- Born: April 25, 1929 Shreveport, Louisiana, U.S.
- Died: March 12, 2013 (aged 83) Shreveport, Louisiana, U.S.
- Resting place: Northwest Louisiana Veteran's Cemetery
- Education: Traphagen School of Fashion, École de la chambre syndicale de la couture parisienne
- Occupation: Fashion Designer
- Years active: 1945–1970s
- Awards: Coty Award (1969)

= Victor Joris =

American fashion designer

Victor Joris (1929–2013) was an American fashion designer and fashion illustrator. He was active between 1945 until the 1970s.

== Biography ==
Born April 25, 1929, in Shreveport, Louisiana. He attended C.E. Byrd High School. He went on to study fashion at Traphagen School of Fashion in New York City, graduating in 1945 in Costume Design and Sketching. He moved to Paris and studied at School Of Chambre Syndicale De La Couture Parisienne (École de la Chambre Syndicale de la Couture Parisienne) which is part of Fédération Française de la Couture. In Paris he was an assistant to fashion designers, Christian Dior and Pierre Balmain. Joris served two years in the United States Army, followed by a move to Hollywood to work for Columbia Pictures. At Columbia he worked with movie costume designer, Jean Louis. He eventually moved back to New York City and worked with Cuddlecoat New York and with the Jones Apparel Group, where he designed the Christian Dior Designer Sportswear Collection and the Jones New York line of women's apparel.

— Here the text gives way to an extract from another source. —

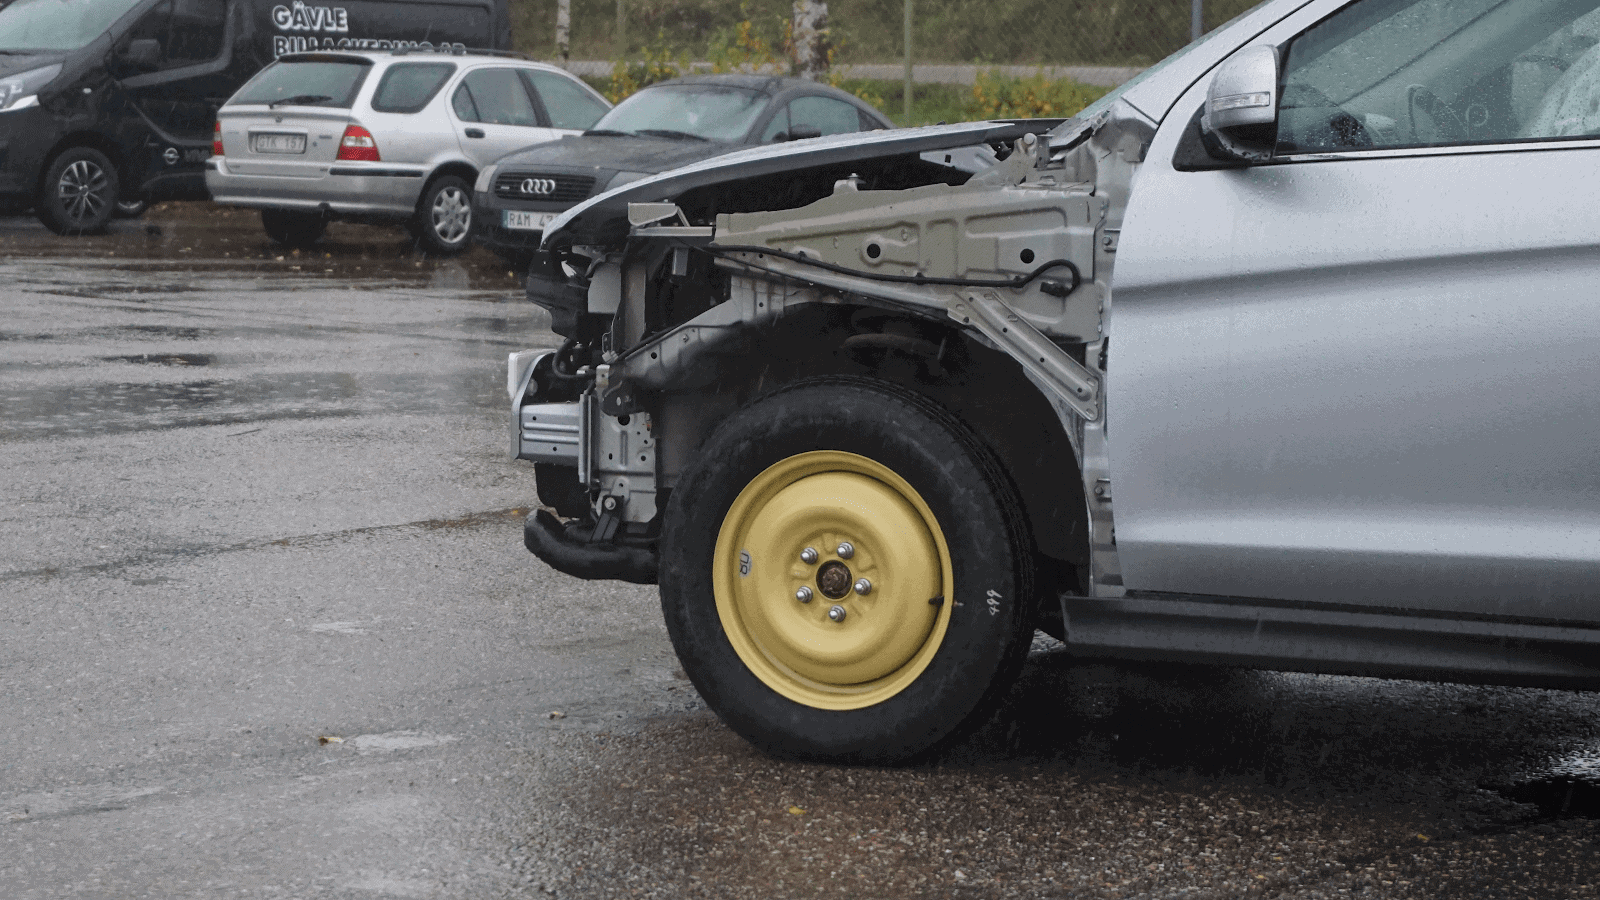 A car with a spare tire

Joris pioneered the design of women's apparel including pantsuits, long coats and long sweater jackets.

His fashion design work was frequently featured publications such as Harper’s Bazaar and Women’s Wear Daily. Joris won a Special Award from the Coty Award in 1965 as a young designer and he won the Coty Award "Winnie" in 1969 for his Cuddlecoat New York designs. Some of his clients included Jacqueline Kennedy, Lady Bird Johnson, Pat Nixon, Julie Christie.

In the 1970s, after retiring from fashion, Joris began dog breeding and showing Shih Tzu dogs.

== Death and legacy ==
He died March 12, 2013, at the age of 83, in Shreveport, Louisiana and was laid to rest in Northwest Louisiana Veteran's Cemetery in Keithville, Louisiana.

Joris' work is in public permanent collections including the Metropolitan Museum of Art, Philadelphia Museum of Art, among others.